António Afonso
Toze

O Tozé (António José Afonso) é meu pai.
Esta edição fica a dever-se à vontade do meu pai. Em memória dele cumpro o seu desejo. Sempre me disse: «O Pessoa deixou uma arca, eu deixo-te uma pastinha». Depois tu, se te apetecer, publicas.» À minha avó ele dizia que escreveria três livros: o da adolescência (este), outro na maturidade, o último um grande romance que pudesse dar prazer a milhões de pessoas, em que, na velhice, faria um relato do humano.
Sempre o ouvi dizer que estava destinado a escrever uma literatura da felicidade, mas que até então só conseguira escrever na dor. Feliz, preferia berrar gritos metafísicos nos bares e embriagar-se com os amigos. Sobre as Histórias de Amor e de Obsessão, tentou inúmeras vezes explicar-me que pretendera descrever as relações que vão vir e que o tema do livro era a possibilidade de dizer tudo. Quando o acabou, deu-o a ler à minha tia e perguntou-lhe: «Tu publicavas?» Ela disse que sim. O meu avô disse-lhe: «Ó filho, publica, mas não ponhas o Afonso.»
O Tozé sempre se pretendeu um agitador. Colocava a escrita, o discurso e a acção no mesmo plano. No Liceu Camões um trabalho de Filosofia sobre o individualismo proclamou que era Deus e escreveu estrofes e um manifesto em que ridicularizava o reitor. Escreveu também duas peças de teatro, uma oficial, para o Cabeça de Martelo (o reitor) ler, outra, clandestina, que ensaiava com os amigos no escritório do meu avô, destinada a ser realmente representada na festa de finalistas. Foi denunciado e expulso. O meu avô sempre o apoiou e protegeu.
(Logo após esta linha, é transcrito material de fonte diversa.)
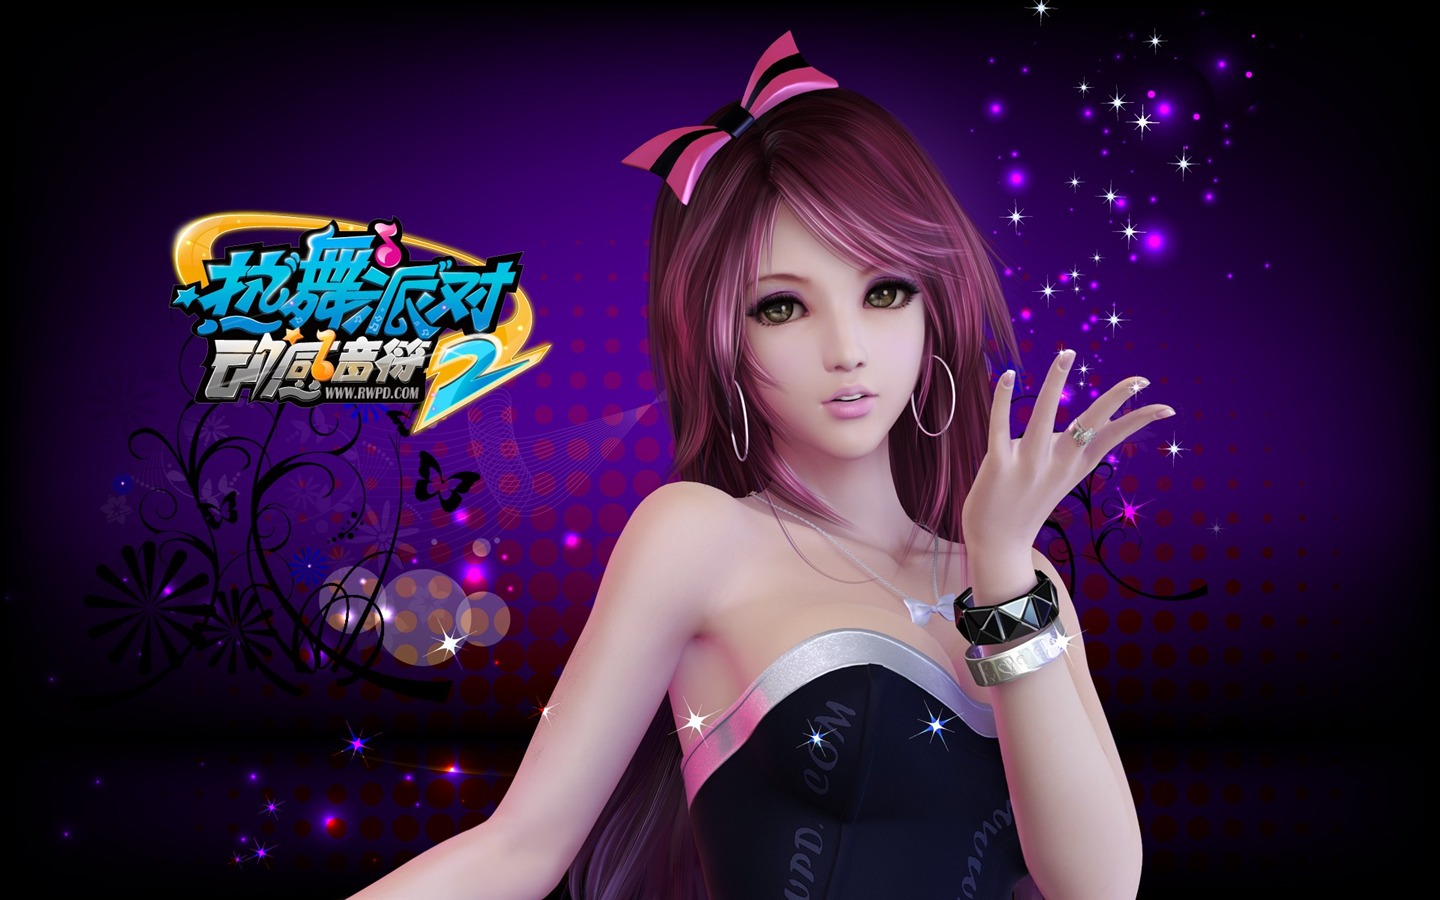 Online game Hot Dance Party II official wallpapers #33 - 1440x900

Outra coisa que toda a vida fui obrigada a escutar é que ele nunca se sentiu um revoltado, sempre amou a sociedade e sempre sonhou que tudo se tornasse cada vez mais complexo e contraditório. Este livro afirma-o e não há nele nenhum ambiente português ou de sofrimento da ditadura. Foi escrito por um homem que desde os 18 anos viveu em democracia. Sempre se proclamou um «euro-esquerdista liberal (psicótico-libertino)». Em Direito berrou: «Hoje, aqui, proclamo a greve eterna» (voltou a ser expulso e condenado à revelia na Boa-Hora a 15 meses de prisão). Muitos anos mais tarde, slogava, como ele dizia, «Contra o sacrista Gugu (Guterres), votar Dudu, votar Dudu (Durão Barroso)!»A frase de Maio que mais o apaixonou foi «A liberdade é o crime que contém todos os crimes: é a nossa arma absoluta.»
Embora ultra-pacífico e sempre jocoso, foi sempre um belicista. Esteve com a intervenção anglo-americana no Iraque, antes disso com o «sagrado bombardeamento da Nato na Jugoslávia». Os amores políticos dele eram Olaf Palme, Willy Brandt, Helmut Schmidt, Vaclav Havel, Blair e Sarkozy. Citando Mário Neves, dizia: «Eu nunca mudei!» Também sempre o ouvi assumindo-se como jesuíta, republicano e democrata-radical. Teve medo de que as Histórias de Amor e de Obsessão fossem datadas. Recusou duas editoras. «Farei uma edição de autor luxuosíssima, a preço de custo, com capa do Jorge Varanda, cuja pintura diz o que diz a minha literatura.»
Os textos dele, para mim, são uma seca, excepto alguns em que se exprime «em fórmulas diamantinas que logo fazemos nossas», como disse um amigo dele o Carlos Bandeira de Lima. Herdei dele e do meu avô, espero, a palavra sem compromissos, a tolerância de tudo, a vontade de tudo integrar, a dúvida e a certeza levadas ao extremo do risco pessoal. Agradeço do fundo do coração à Rosa Oliveira e ao meu marido Torge Mönch, que sem grande conhecimento do Português, trabalhou que nem um alemão.
Esta explicação era necessária, porque o Tozé já cá não está. São palavras, claro, de uma filha (que ele se gabava de ter criado como uma «criança experimental» e de quem se orgulhava de ser a sua mais implacável critica. Não é totalmente verdade: politicamente estávamos de acordo).